This article is an extension of my recent columns on The Constitution, https://perrinlovett.wordpress.com/2013/03/08/the-united-states-constitution/, and Legal “Education,” https://perrinlovett.wordpress.com/2013/03/12/legal-education/. One would think that the matter of Constitutional law would have been covered in my article on the Constitution itself – unless one also read my treatise on law schooling.
Oddly, in my experience, the Constitution itself is not required reading for Constitutional law classes. Rather, some imported parts of the document are set forth in the text-book used by the professor. This strikes me as intellectually dishonest and unwise, akin to using a dangerous power tool without first reading the directions. Herein, I briefly cover the usual course material from such as class. The professors, many of whom have never been in a court, let alone argued for or against the Constitution, regurgitate the rulings of different courts regarding a limited number of subjects. While there is an occasional discussion of the reasoning behind the opinions, they are generally viewed as sacred, unswerving law. Rare instances where history has determined the rulings to be invalid (i.e. Dred Scott v. Sandford, 60 U.S. 393 (1857)– slavery is okay pre war between the States) are swept under the proverbial rug, written off as mistakes made due to the prevailing thoughts of the cases’ times.

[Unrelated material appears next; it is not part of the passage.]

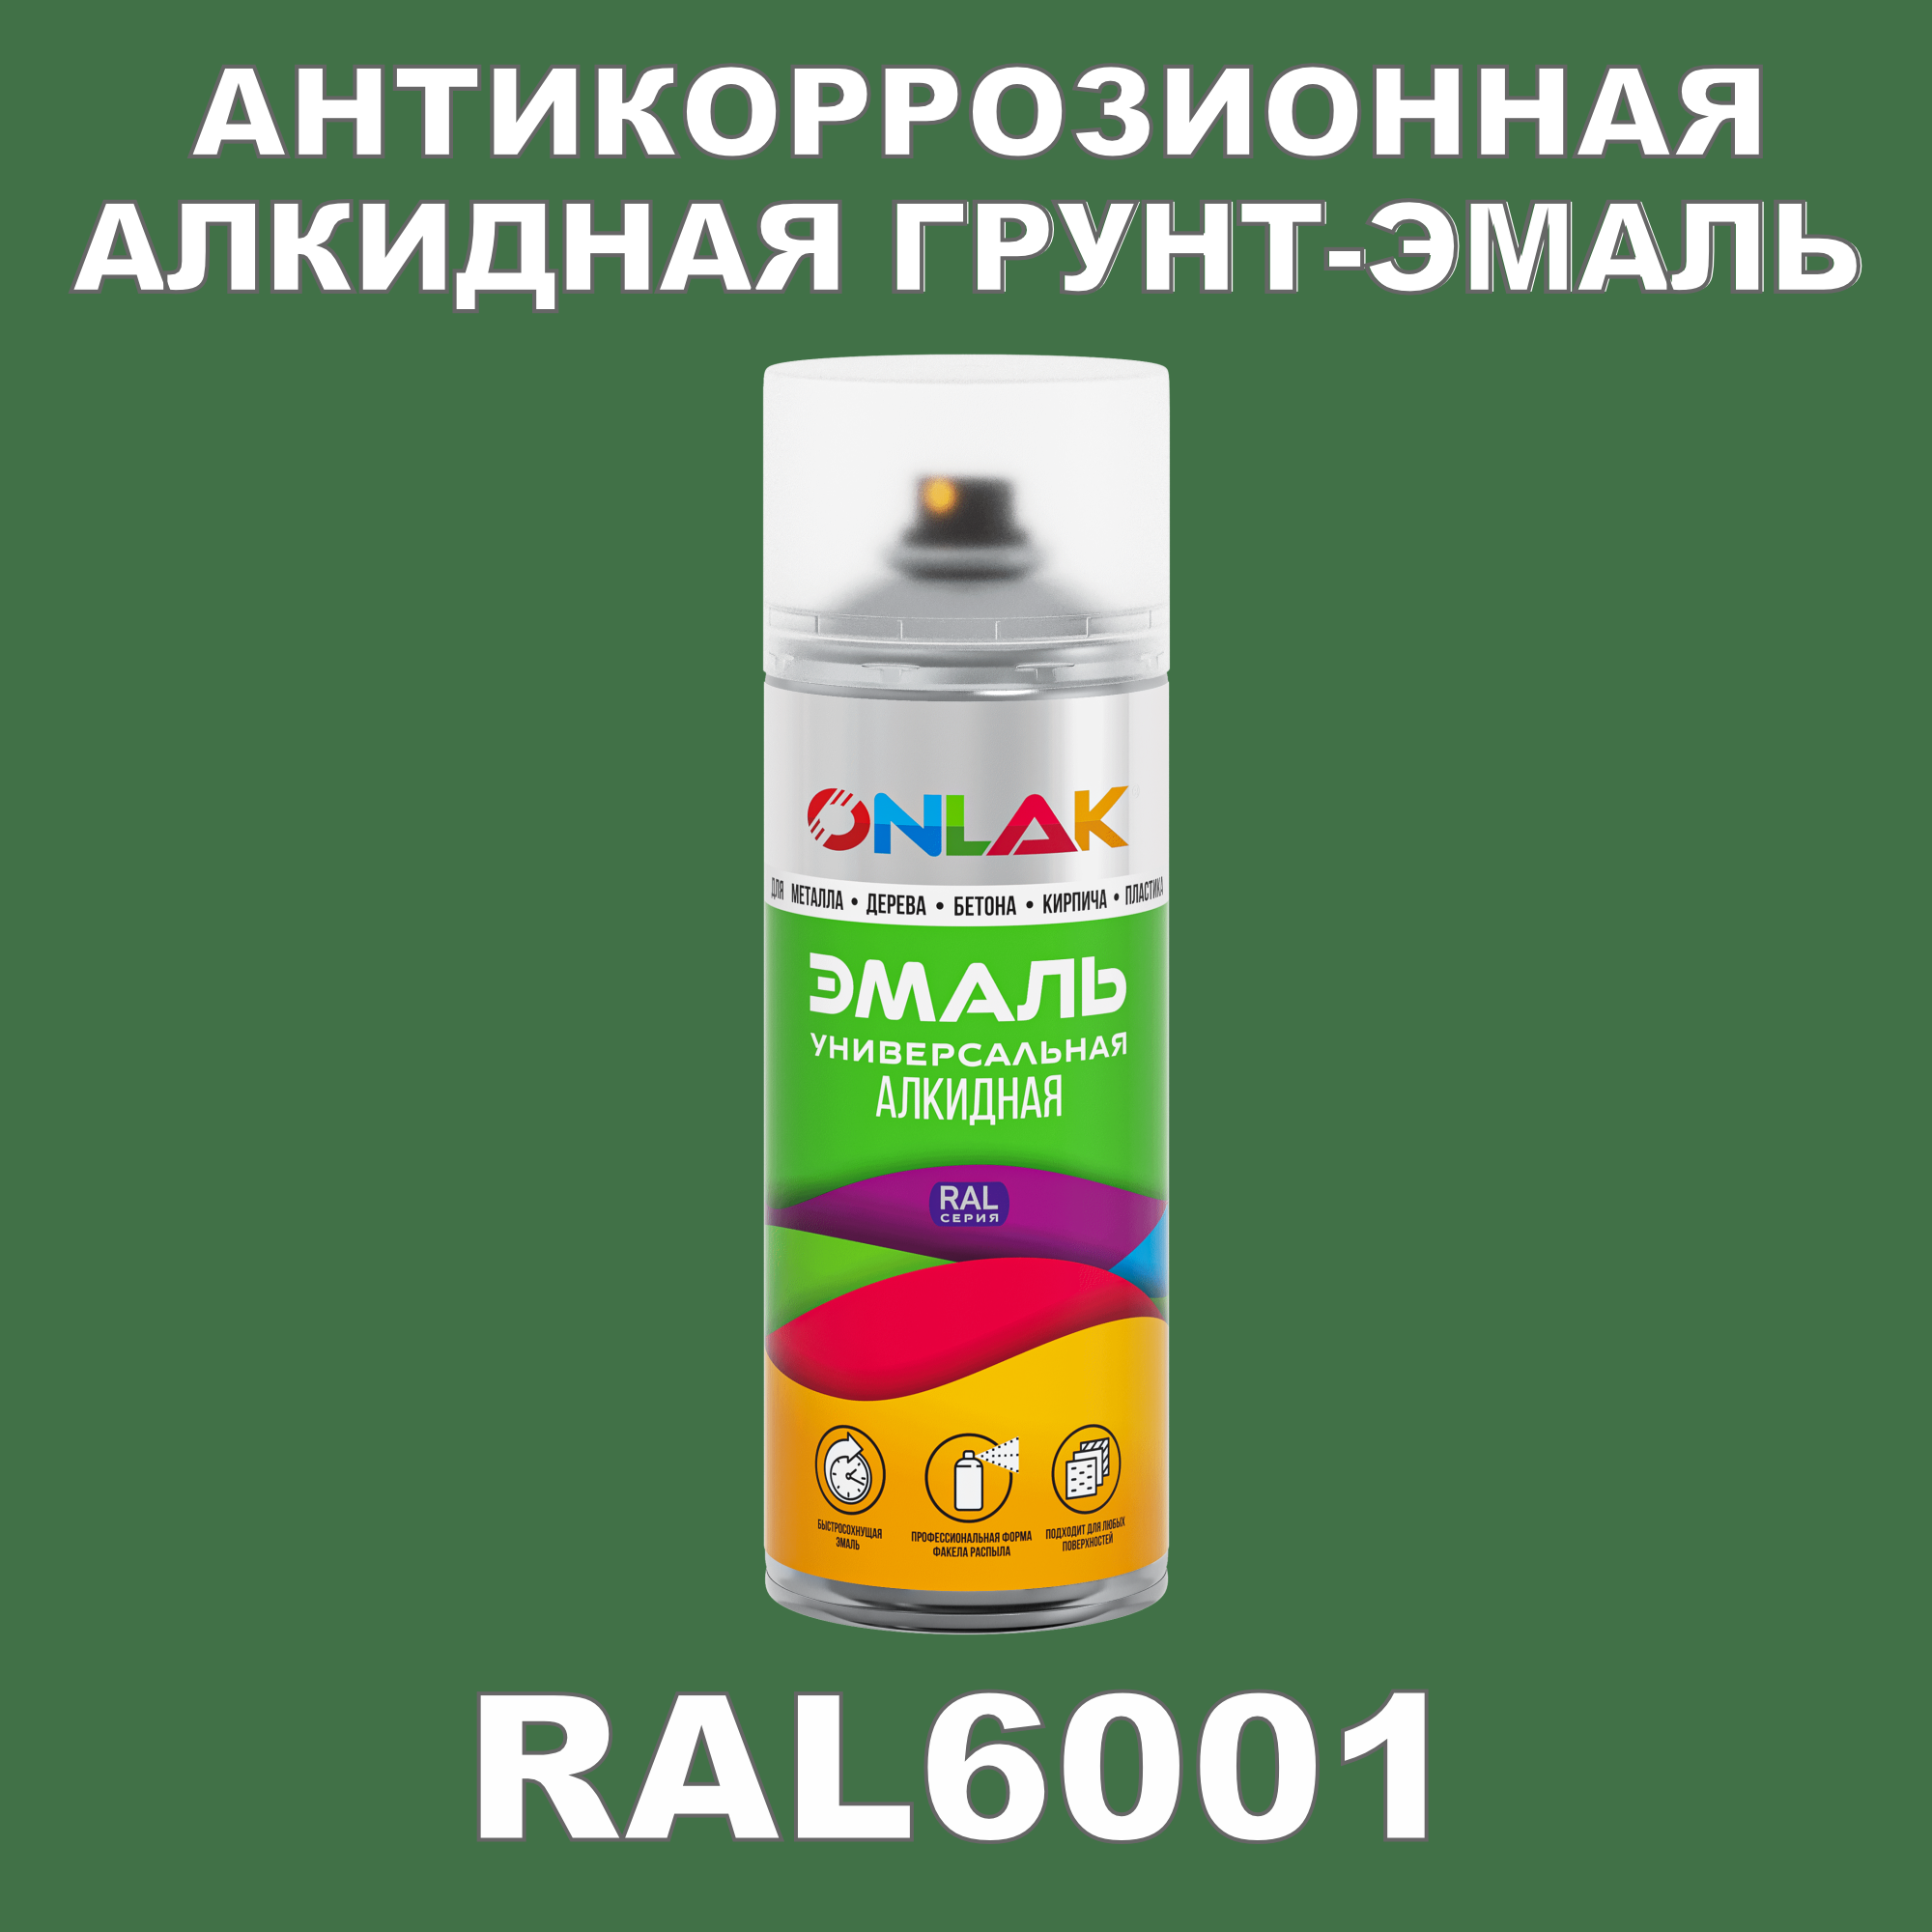 Антикоррозионная грунт-эмаль ONLAK RAL6001 полуматовая для металла и защиты от ржавчины

(Prof. Laurence Tribe’s ConLaw Book. Google Images.)
As I have written elsewhere, no reference to Natural Law is made and no critical thought is given to the “why” behind the laws. As Max Tucker wrote recently, any student who dares to pose dissenting views or arguments is detested noticeably by the other students and the faculty. Rarely, student are given the opportunity to delve into the deeper meanings of the cases they study. I was fortunate to be able to write a short essay on the effects of Scott, in which I decried its universal sadness and the role it played in the schism in our nation circa 1861. Part of my essay was read aloud to the class by our professor – another rarity, a former practicing attorney. My points were well accepted. Of course, I had the benefit of over a century of progress on my side. Other topics, which require hypothetical deconstruction, are roundly ignored.

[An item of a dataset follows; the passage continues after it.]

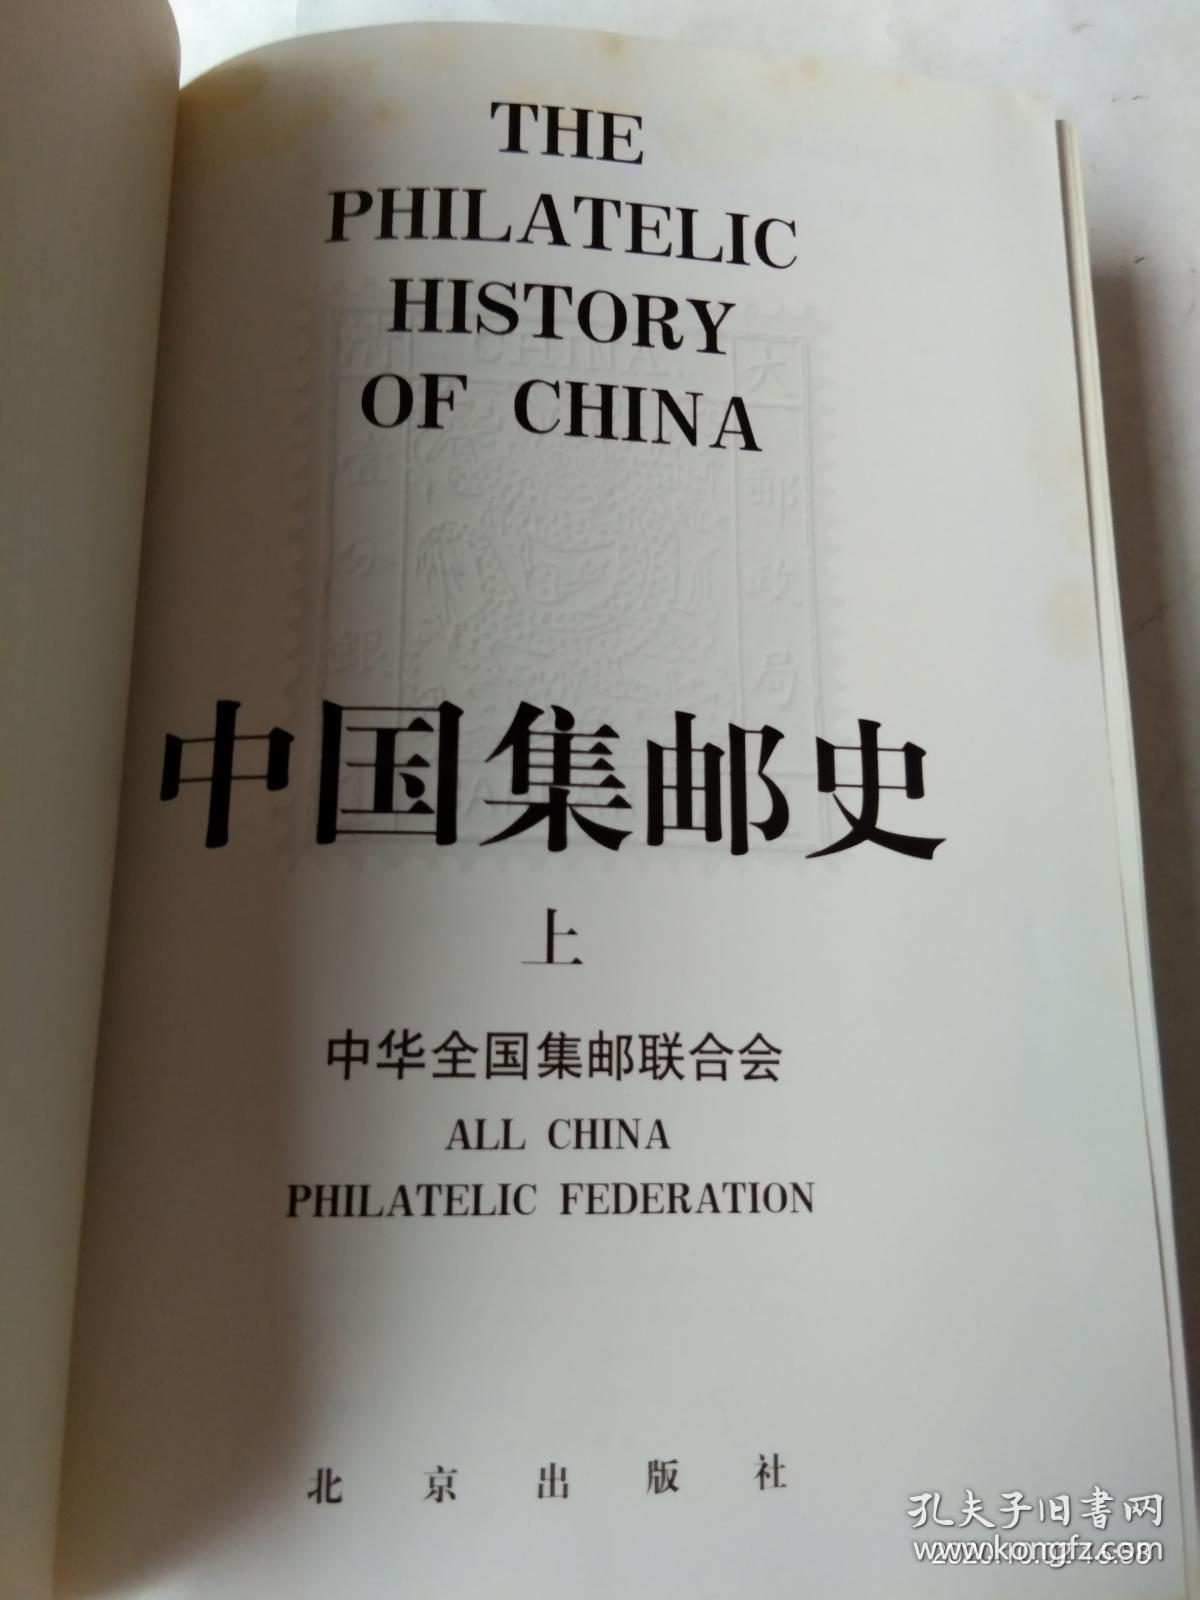 中国集邮史   上

As with all other areas of the law, Constitutional law has degenerated into a study of the constantly shifting case-law which arises under the Constitution. By the way, I always capitalize the “C” in Constitution out of reverence for the document and its place in our Republic (I do the same for “Republic” too). I have explained my philosophical troubles and doubts about the Constitution but, due to my sworn allegiance to it, I am honor-bound to defend its ideals.
Case-law study is important and has a valid place in the legal practice. After all, most attorneys make a living pushing various issues in courts through individual cases. Each provision of any law is subject to some interpretation as part of its application to the circumstances of the real world. The trick of “strict construction” application of the Constitution is to adhere as closely as possible to the text and plain meaning of the old parchment. I follow strict construction as my approach to most laws, in and under the Constitution. The first fork of any analysis is to determine if the issue scrutinized is compatible with the underlying law. If the two are compatible, then the analysis shifts to application of your set of facts to the law. If there is an incongruity, then it is necessary to decide whether the law is improper or if the facts are insufficient for action.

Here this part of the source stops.